**Task brief**.
Without including any pictures, give back all of the data exactly.

**Data section**.
────────────────────
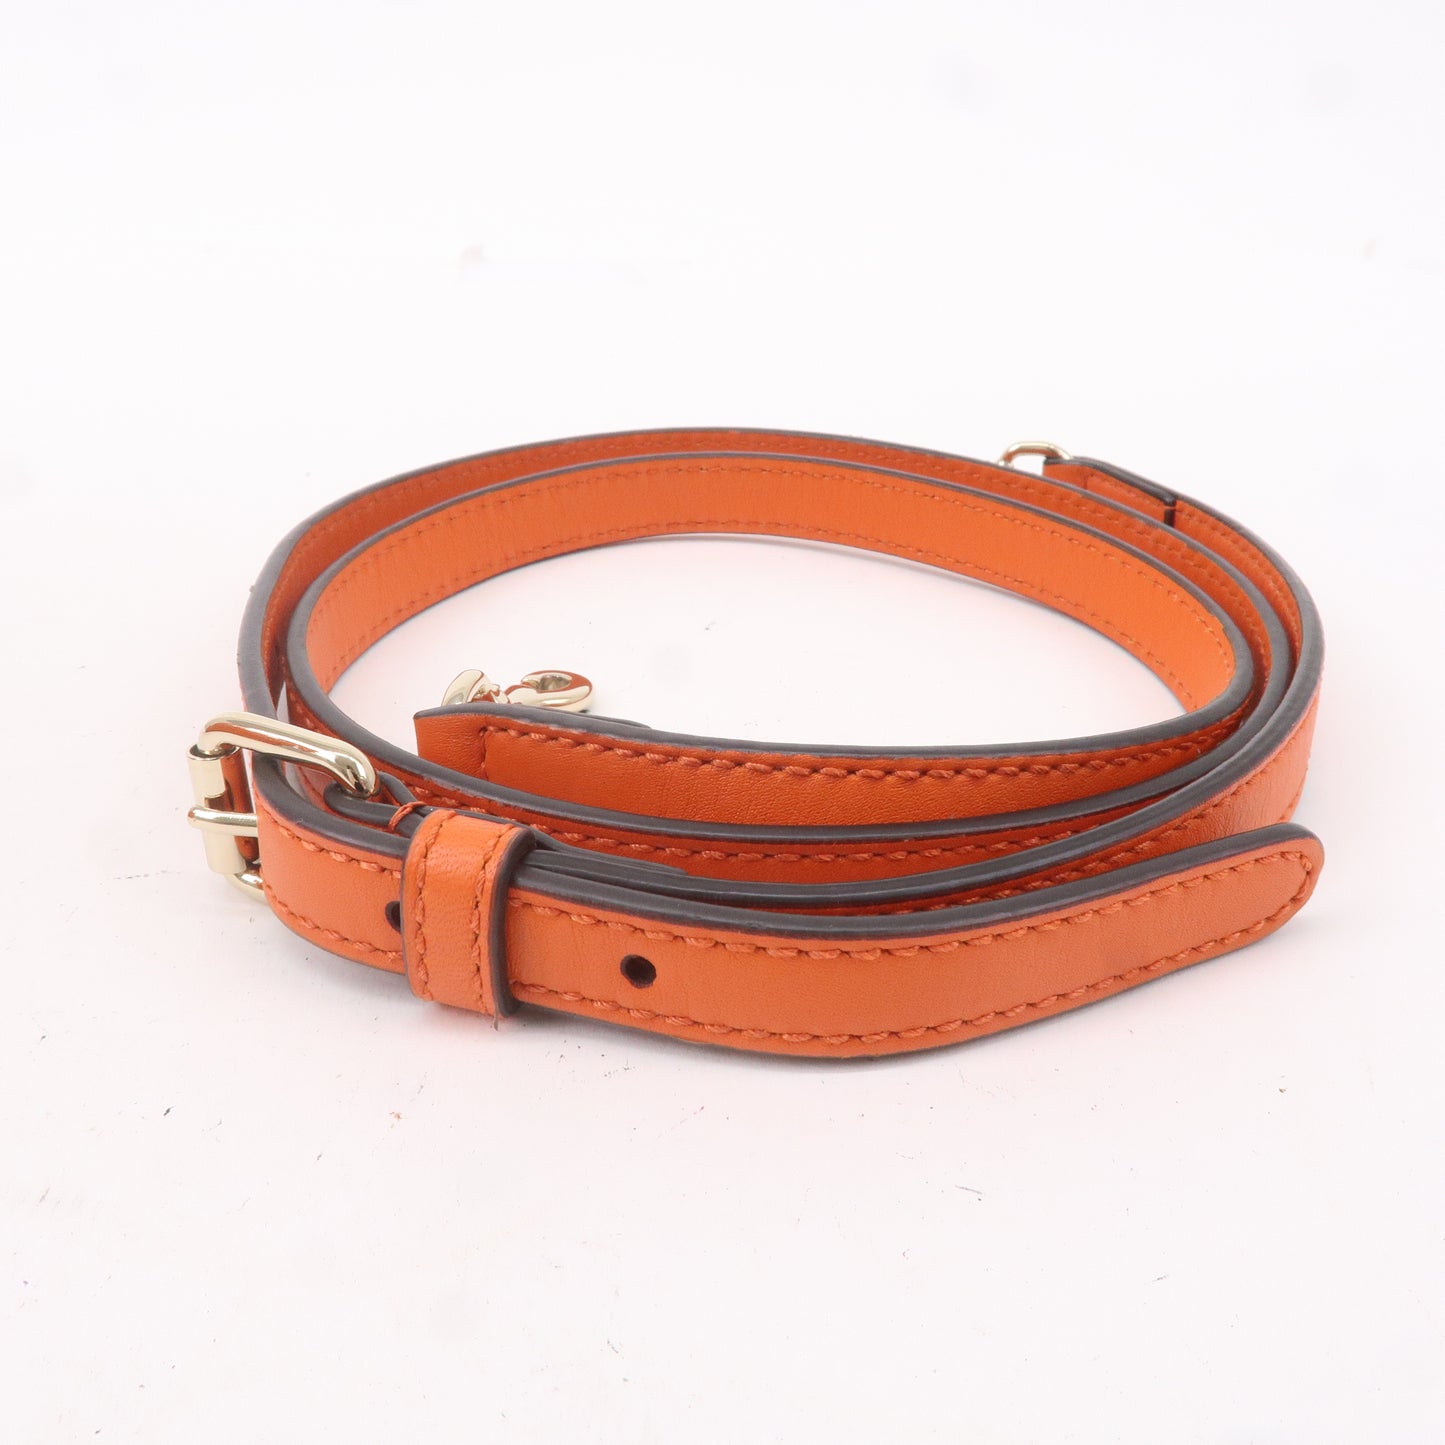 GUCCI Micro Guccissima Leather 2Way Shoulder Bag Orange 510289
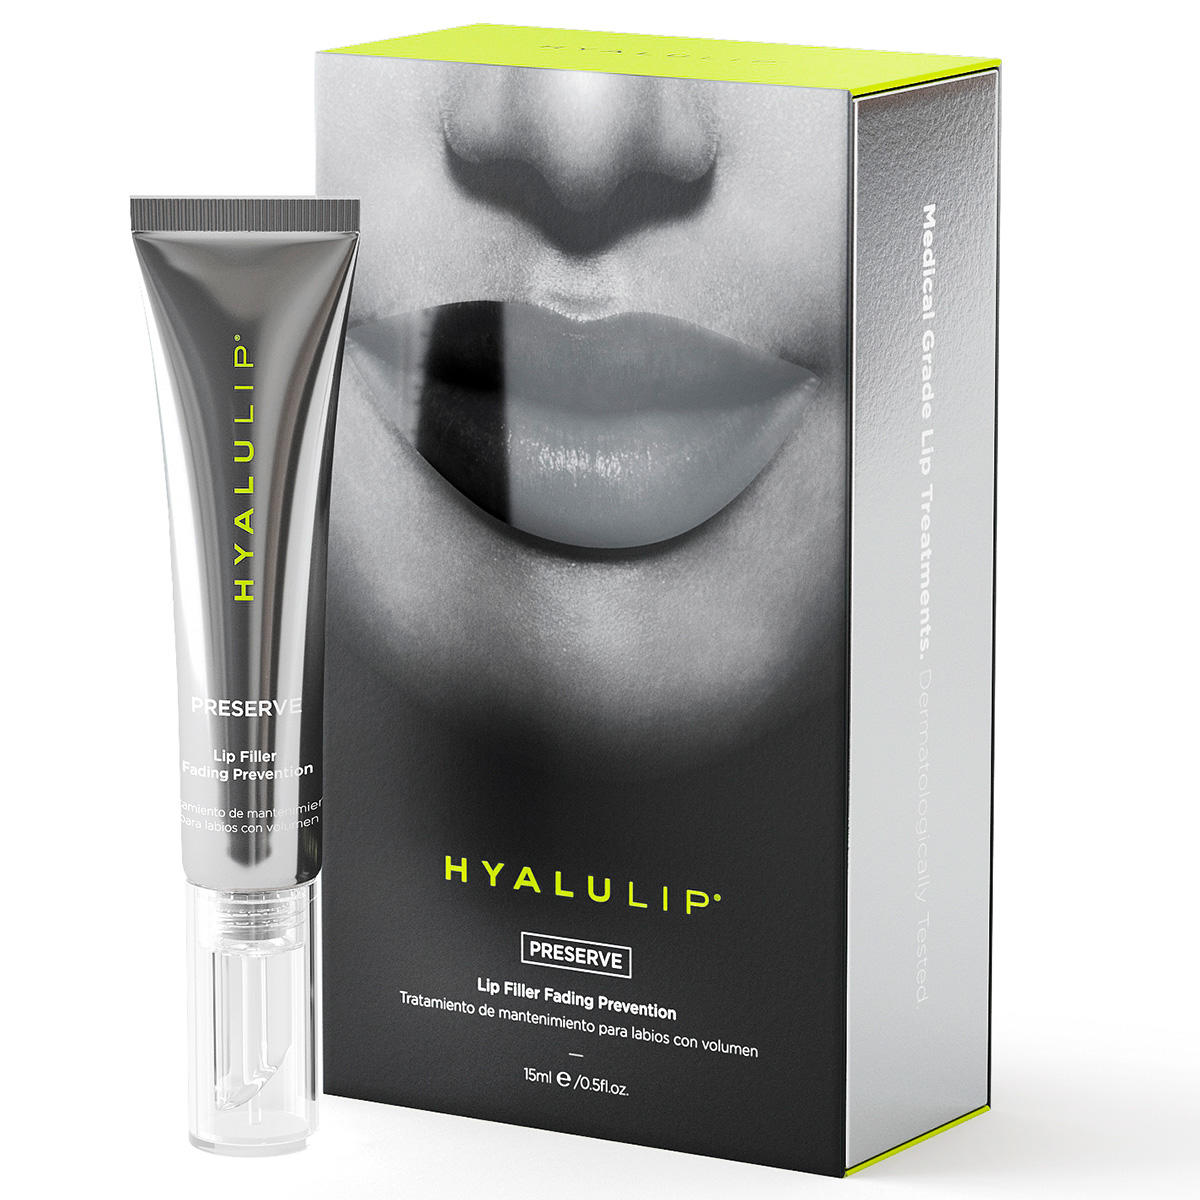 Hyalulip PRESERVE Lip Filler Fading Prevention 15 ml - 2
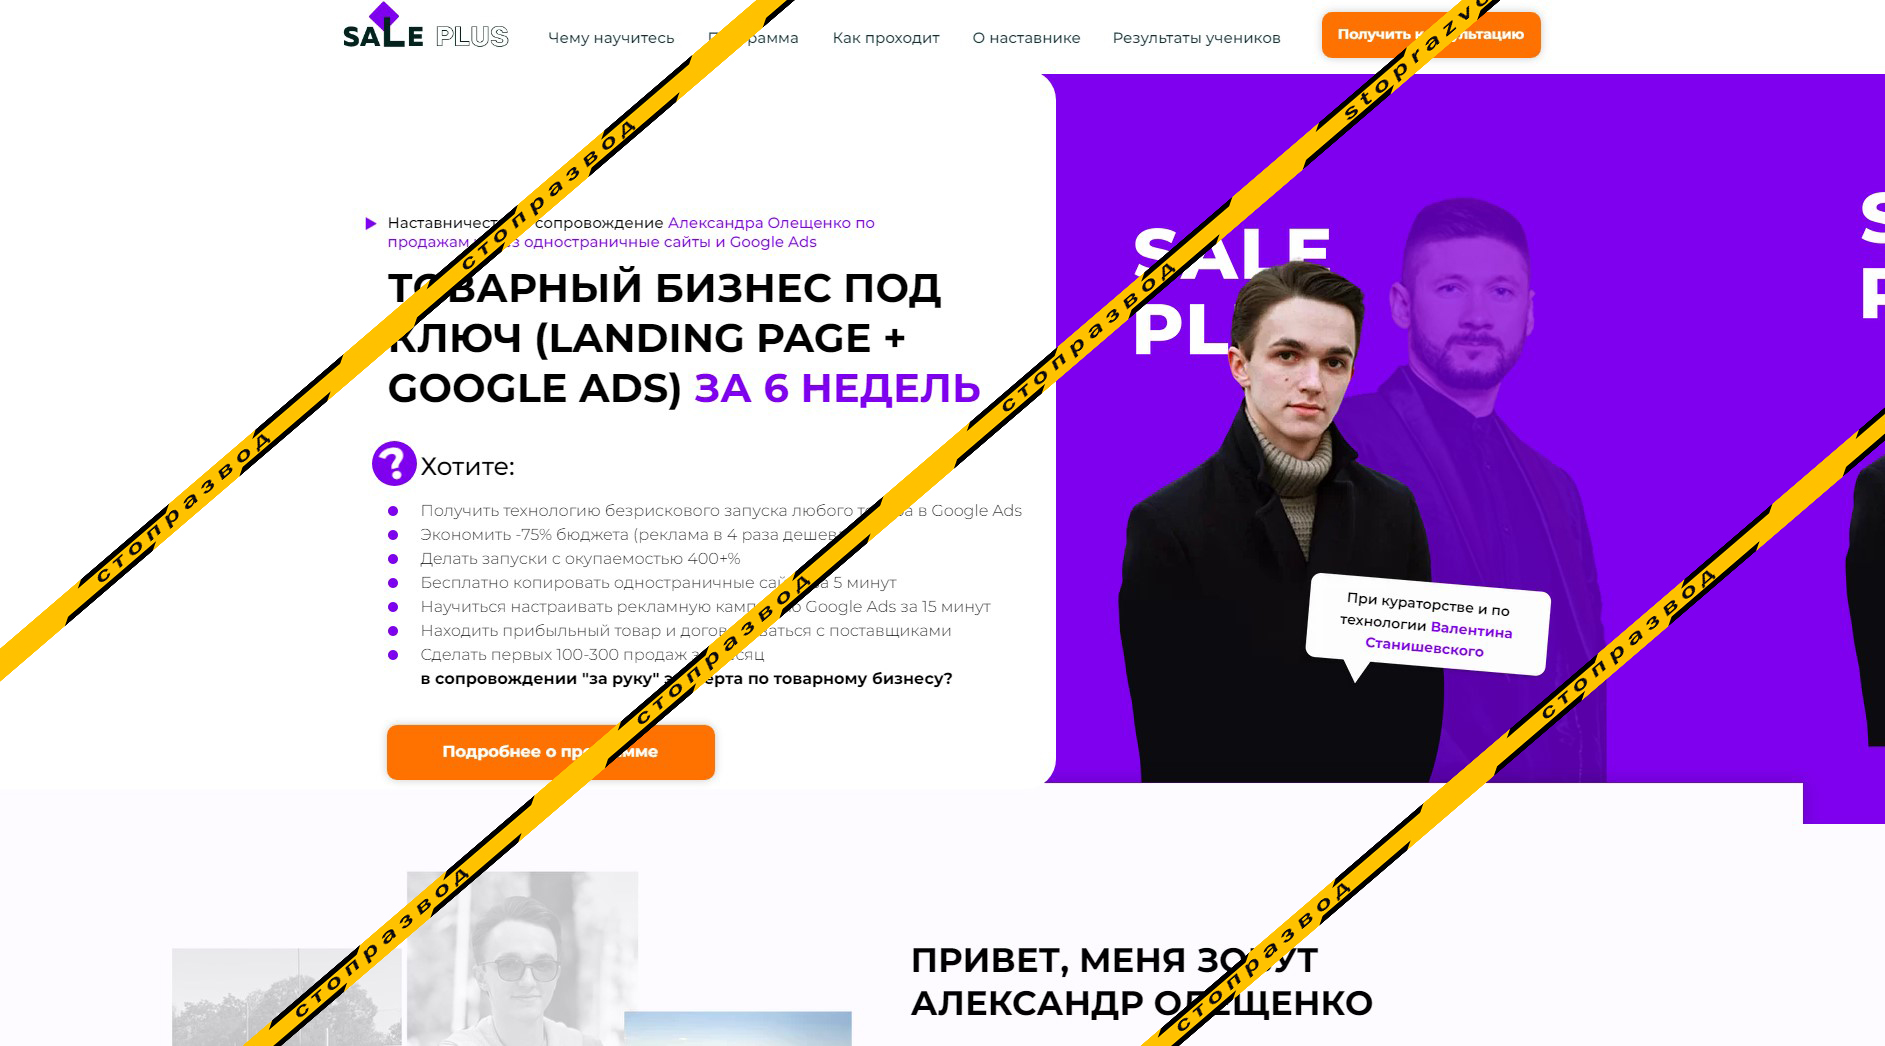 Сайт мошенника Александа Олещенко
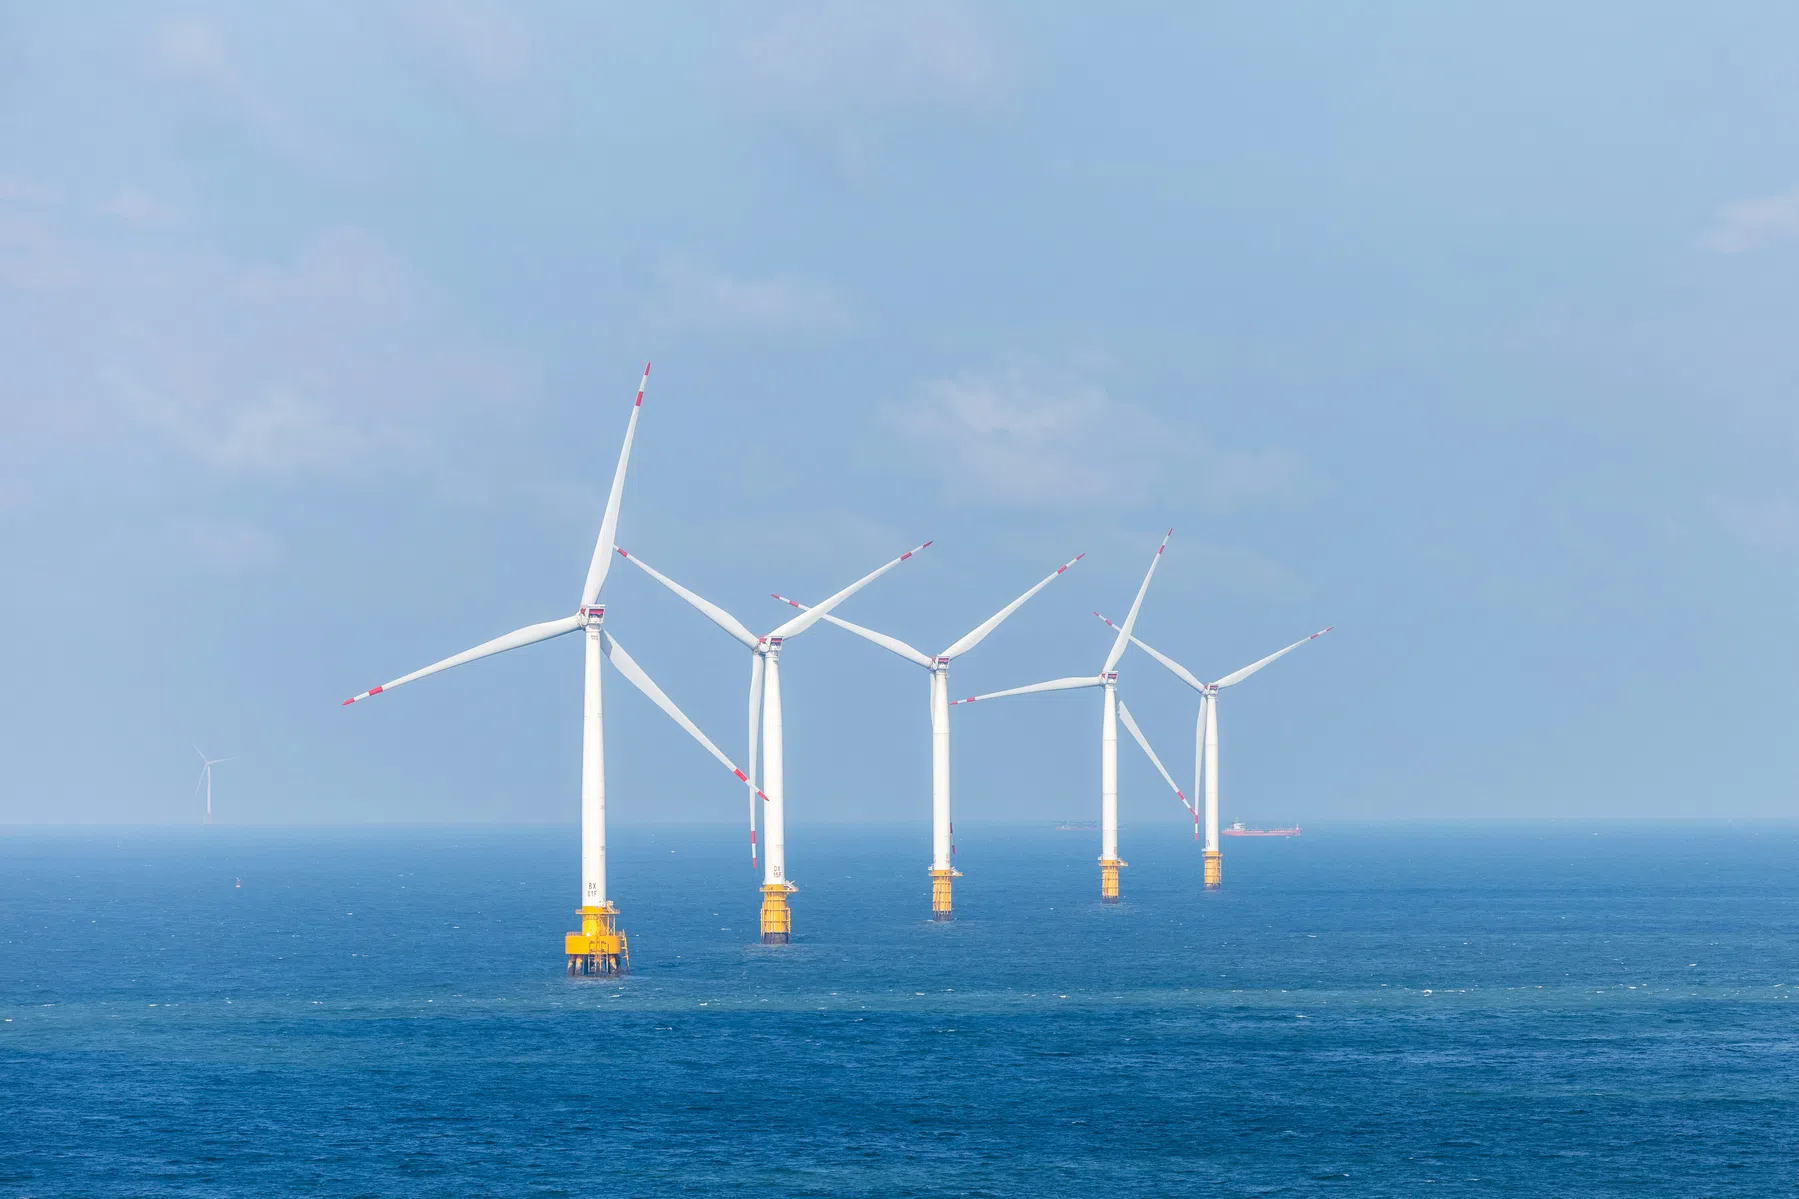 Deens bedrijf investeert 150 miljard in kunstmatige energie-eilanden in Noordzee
────────────────────
**Reply**.
 GUCCI Micro Guccissima Leather 2Way Shoulder Bag Orange 510289
 Hyalulip PRESERVE Lip Filler Fading Prevention 15 ml - 2
 Сайт мошенника Александа Олещенко
 Deens bedrijf investeert 150 miljard in kunstmatige energie-eilanden in Noordzee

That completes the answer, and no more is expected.